Белый кивает несколько раз.
— Стихи? Да, да. Непременно стихи. Стихи это хорошо!
Он садится, вытягивает шею, поворачивает голову в нашу сторону. Вся его поза подчеркивает, что он весь слух и внимание.
Первым, как было условлено, читает Оцуп. Спокойно.. Внятно. Уверенно:
О, жизнь моя. Под говорливым кленомИ солнцем проливным и легким небосклономБыть может, ты сейчас последний раз вздыхаешь…Быть может, ты сейчас, как облако растаешь…
Белый, встрепенувшись, начинает многословно и истово хвалить:
— Я был уверен… Я ждал… И все же я удивлен — лучше, еще лучше, чем я думал…
Но я не слушаю. Я, зажмурившись, повторяю про себя свои стихи. Только бы не забыть, не сбиться, не оскандалиться.
Дирижерский жест Гумилева в мою сторону.
— Теперь вы!
Я встаю — мы все всегда читали стихи стоя — и сейчас же начинаю:
Всегда, всему я здесь была чужаяУж вечность без меня жила земля…
Прочитав первое стихотворение я делаю паузу и перевожу дух.
Но эта полминутная тишина выводит Белого из молчания и оцепения.

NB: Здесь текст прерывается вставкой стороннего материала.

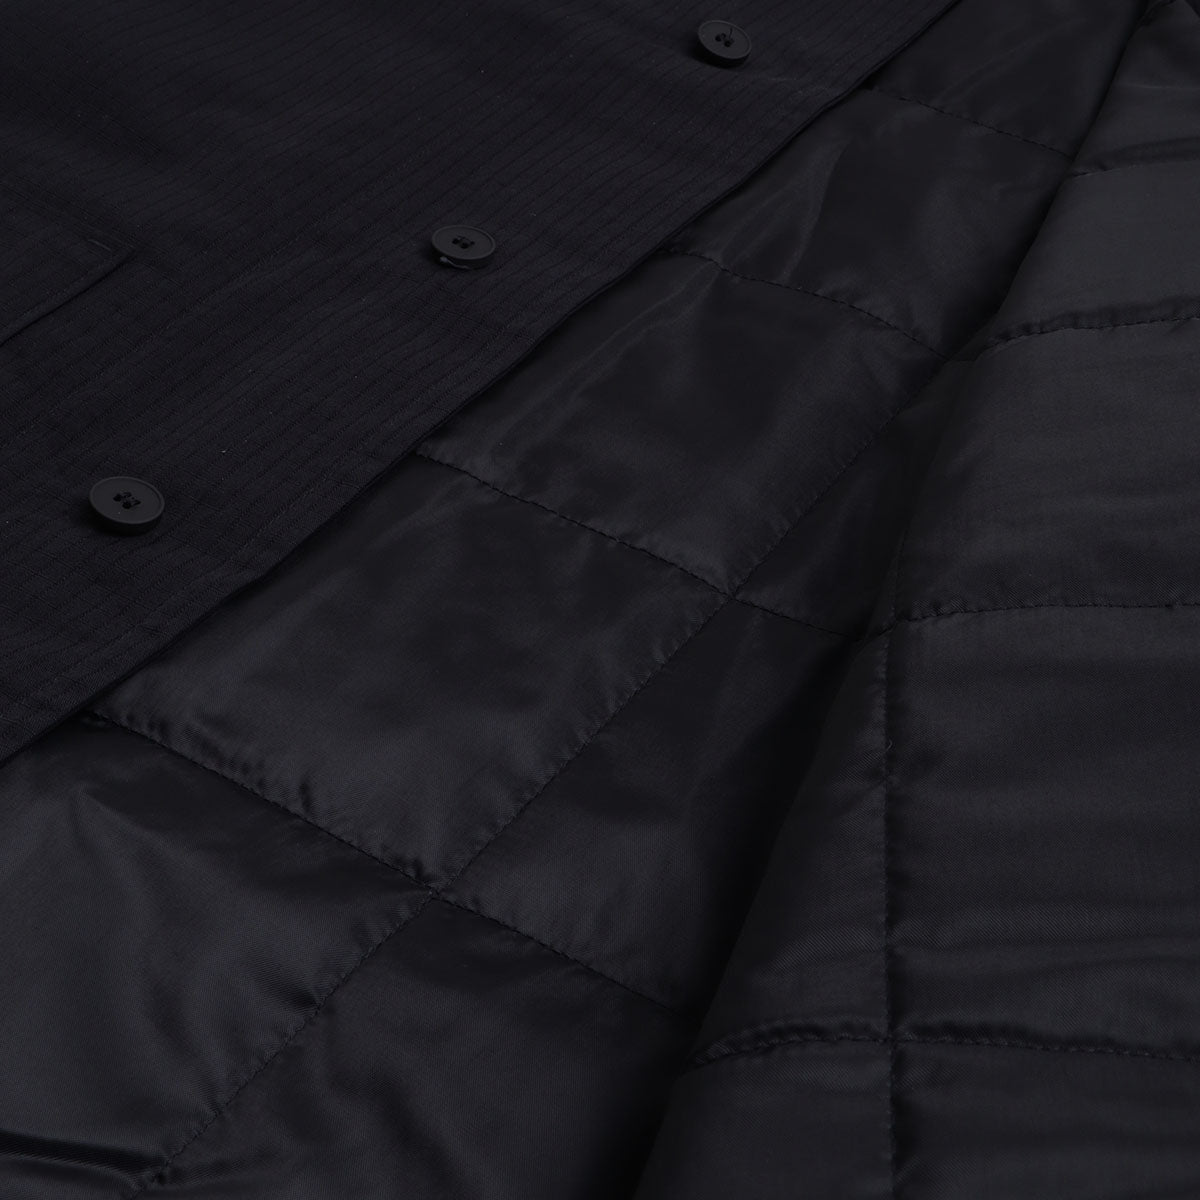 Adidas Originals Premium Essentials+ C FZ Jacket, Black, Detail Shot 5
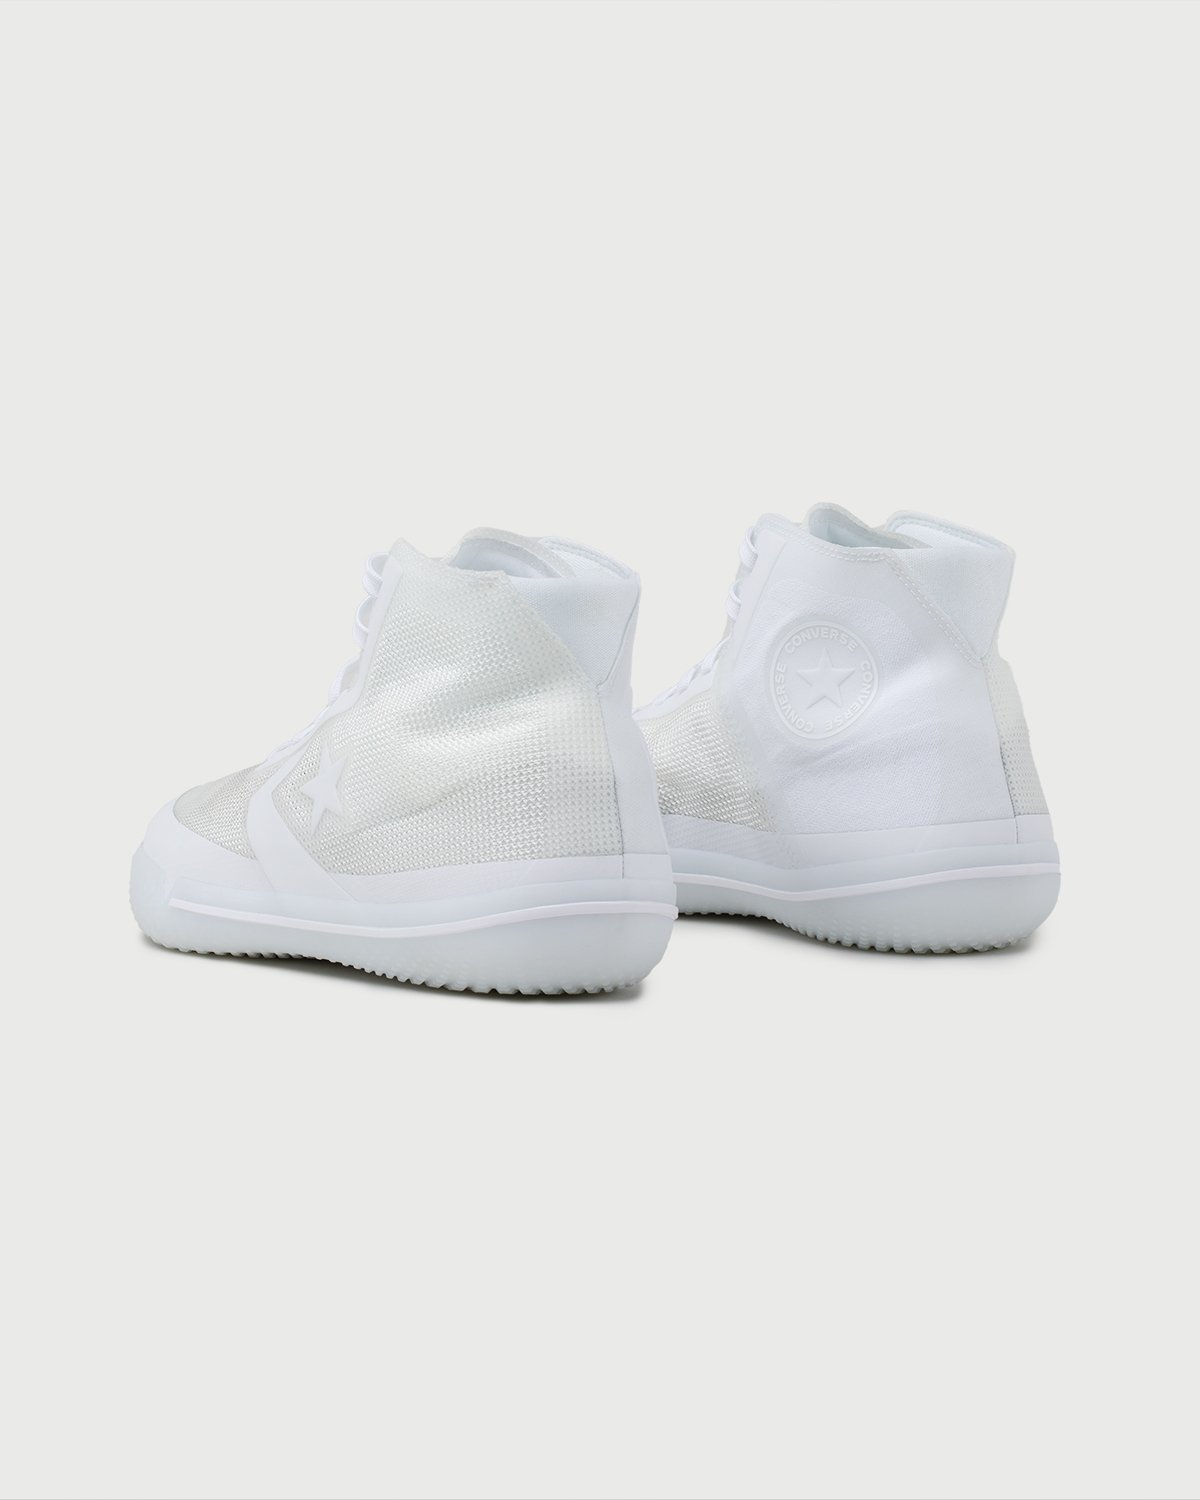 Converse - All Star Pro Bb Hi White - Footwear - White - Image 3

Он весь приходит в движение. Его глаза сверкают. Голос звенит:
— Инструментовка… Аллитерация… Вслушайтесь, вслушайтесь! «Всегда всему я». Ведь это а-у-я. А-у-я! — И вдруг подняв, к потолку руку, уже поет: — А-у-я! Аллилуйя! — Он поворачивает к Гумилеву бледное восторженно-вдохновенное лицо, скосив на меня глаза. — Как она могла? Сразу же без подготовки. В первой же строчке — Аллилуйя! Осанна Вышнему! Осанна Учителю!
Я слушаю. Казалось бы я должна испытывать радость от этих похвал. Но нет. Мне по — прежнему неловко. Мне от этих «аллилуй» и «осанн» стыдно — за себя, за него, за Гумилева. Не надо. Не надо…
Ведь я чувствую, я знаю, он говорит это так, нарочно, зря. Ему совсем не понравились мои стихи. Он вряд ли их даже слышал. Только первую строчку и слышал.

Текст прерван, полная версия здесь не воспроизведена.